Some great crazy knife work we got to do. 2 men with knives attacking you while you're unarmed. Fun. Then we took it to the ground. 2 unarmed men attacking an armed man.

One thing I enjoyed was the lack of use of pre-arranged techniques. The flow was spontanious.


----------



## arnisador (Aug 30, 2002)

> _Originally posted by GouRonin _
> 
> *Some great crazy knife work we got to do. 2 men with knives attacking you while you're unarmed. *



Give us an idea of how you were directed to respond!


----------



## Jay Bell (Aug 30, 2002)

"Don't die"


----------



## GouRonin (Aug 30, 2002)

> _Originally posted by Jay Bell _
> *"Don't die"  *



I see you've been there.

Ha ha ha!

Anyway, that was about it. Accept that you will get cut but move naturally using the concepts talked about. In fact at one point I was moving ok then it seemed like all the heavens came into alignment and I looked down and saw a disarm that Renegade :erg: once taught me to I did it and it flowed so nicely that the knife shot out of the attacker's hand and stabbed the guy beside him trying to attack me.
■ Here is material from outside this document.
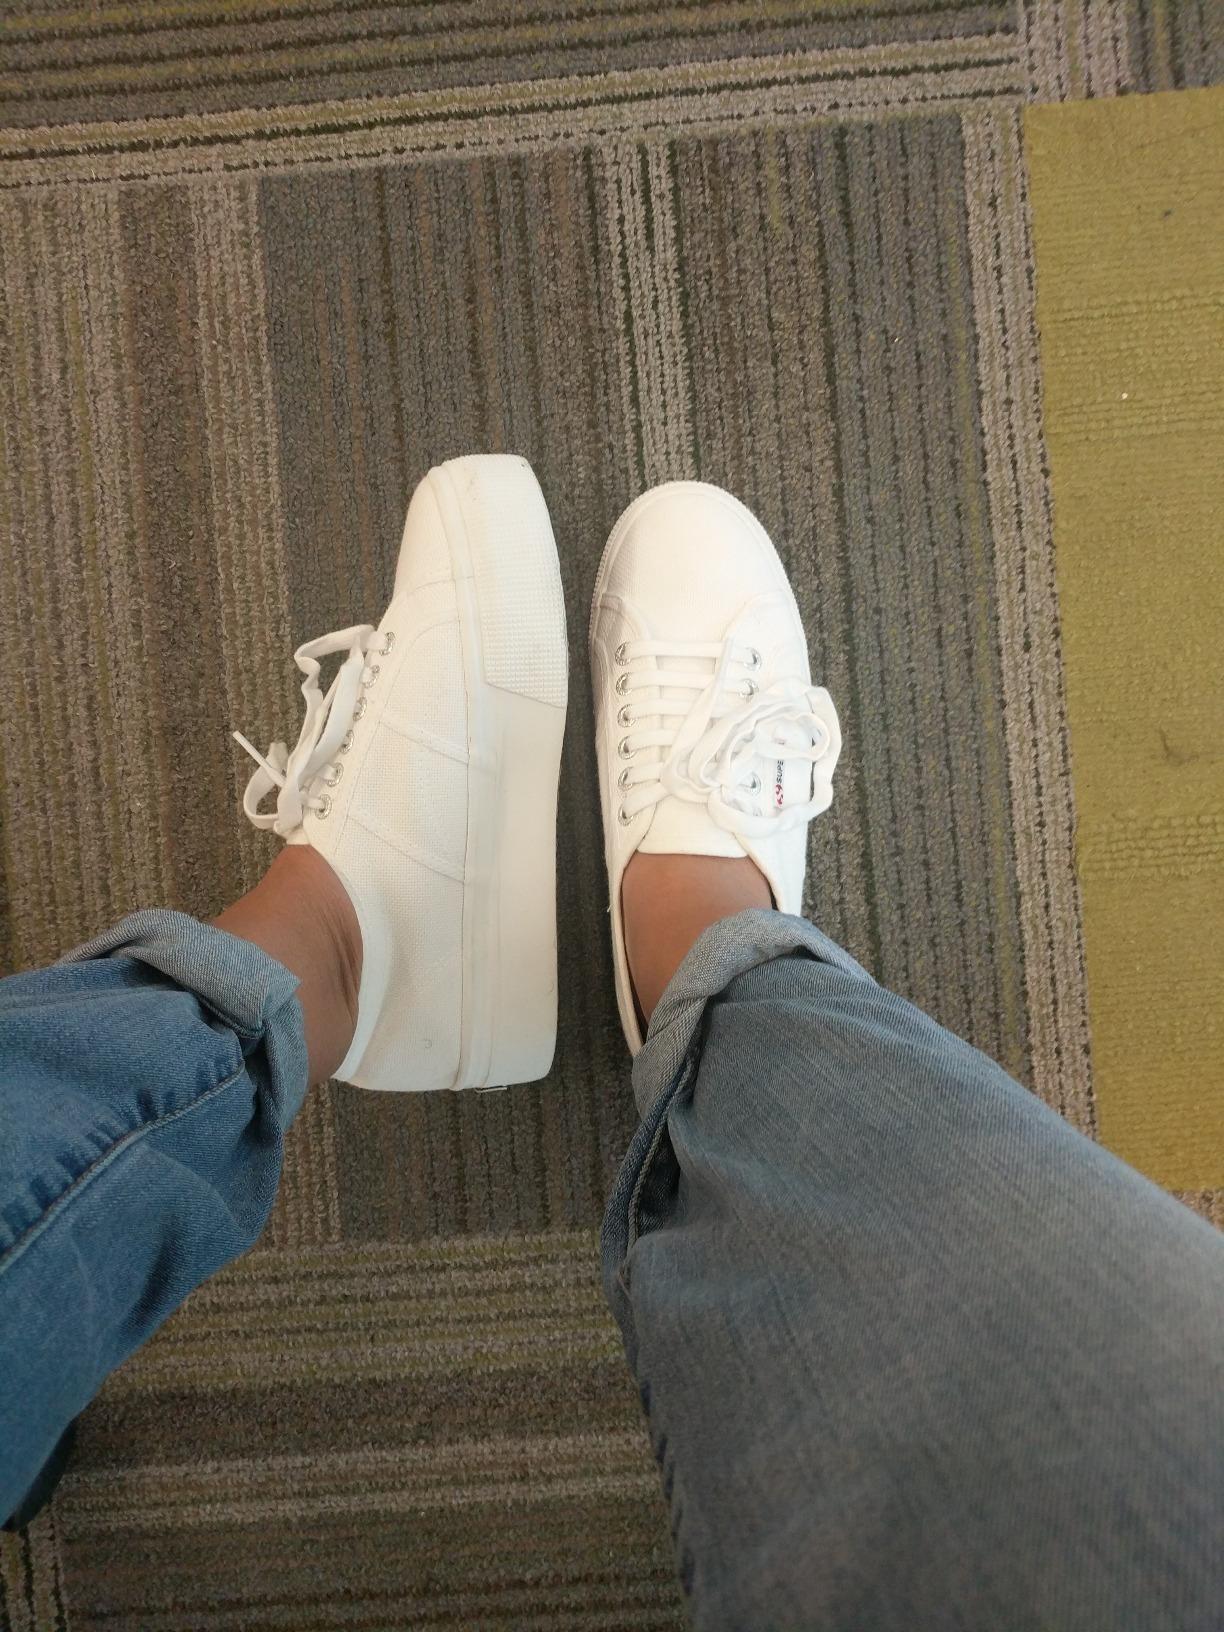 reviewer wears sneakers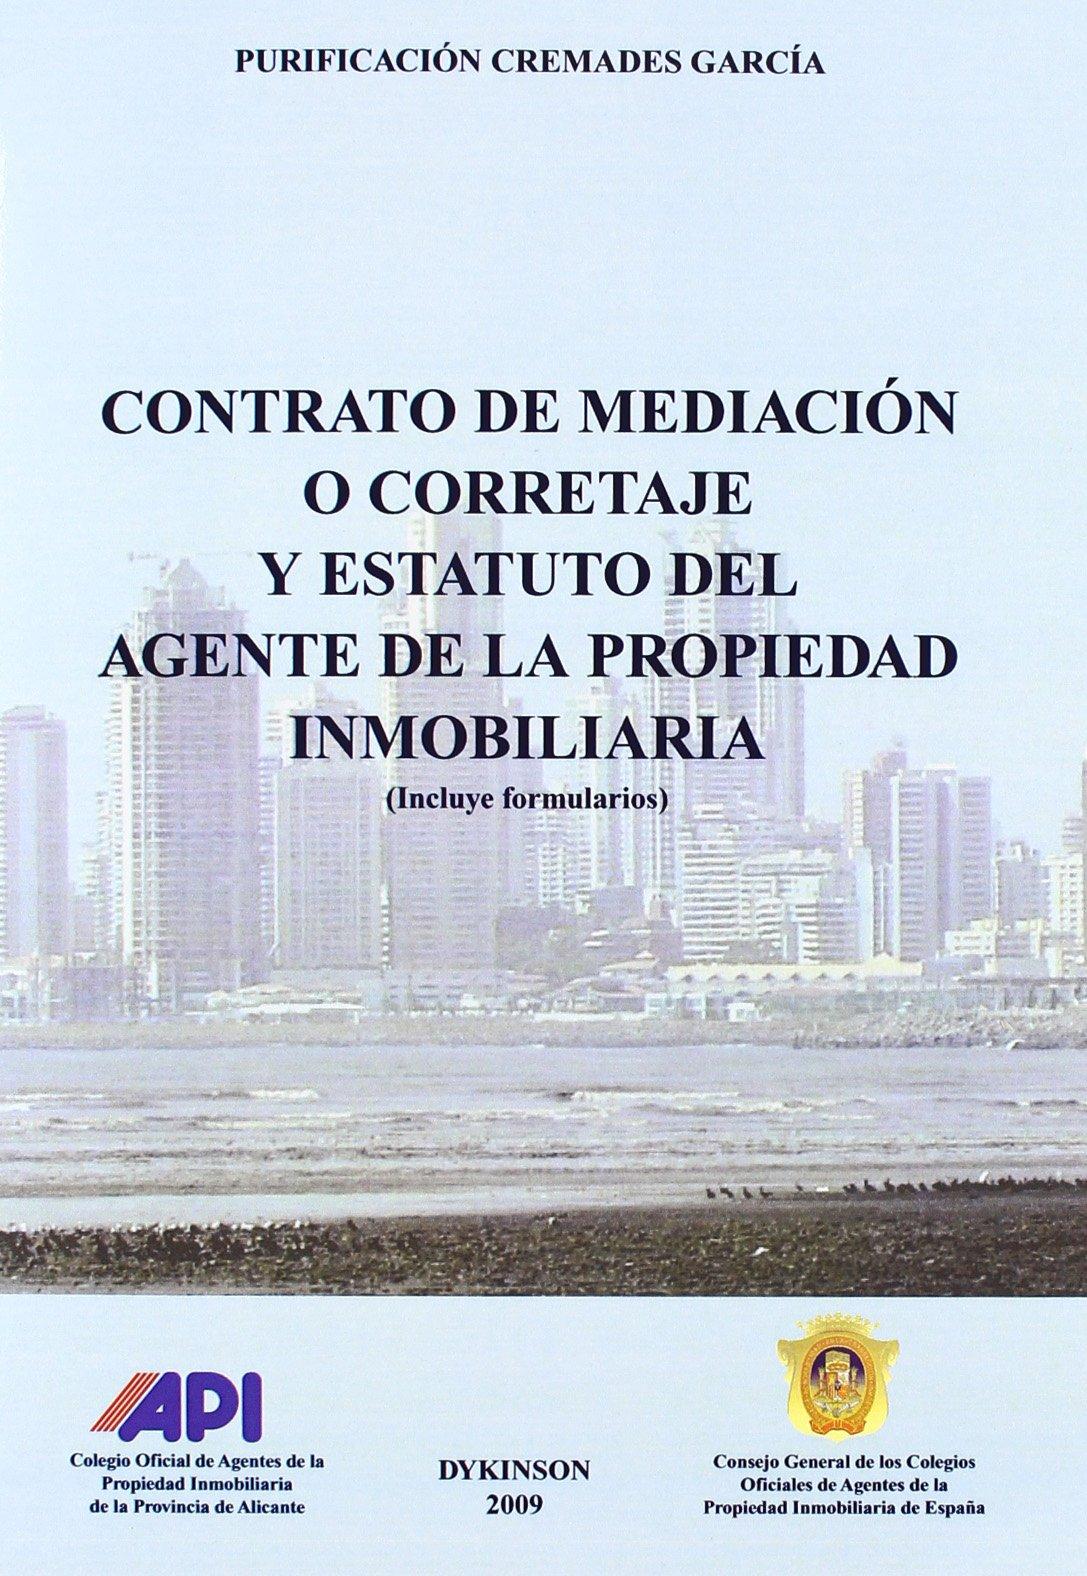 Contrato de mediación o corretaje y estatuto agente de la propiedad inmobiliaria: Incluye formularios: Amazon.es: Cremades García, Purificación: Libros

If I had been looking for that disarm I never would have seen it.


----------



## Klondike93 (Aug 31, 2002)

> _Originally posted by Jay Bell _
> 
> *"Don't die"  *




Hmmm, I got the same answer from my instructor  :rofl: 



:asian:


----------



## GouRonin (Aug 31, 2002)

There is only _"die"_ and _"don't die"_. There is no inbetween.

Except if you're dating my ex-girlfriend. Then it's a slow lingering death that never quite comes but you're not really living either.

But I'm not bitter...
:iws:


----------



## Roland (Sep 2, 2002)

..is how the instructor was explaining it to us.
Martin Wheeler pretty much said the same thing while working with him this past weekend too.

Gou, you are welcome, but it was totally my pleasure.


----------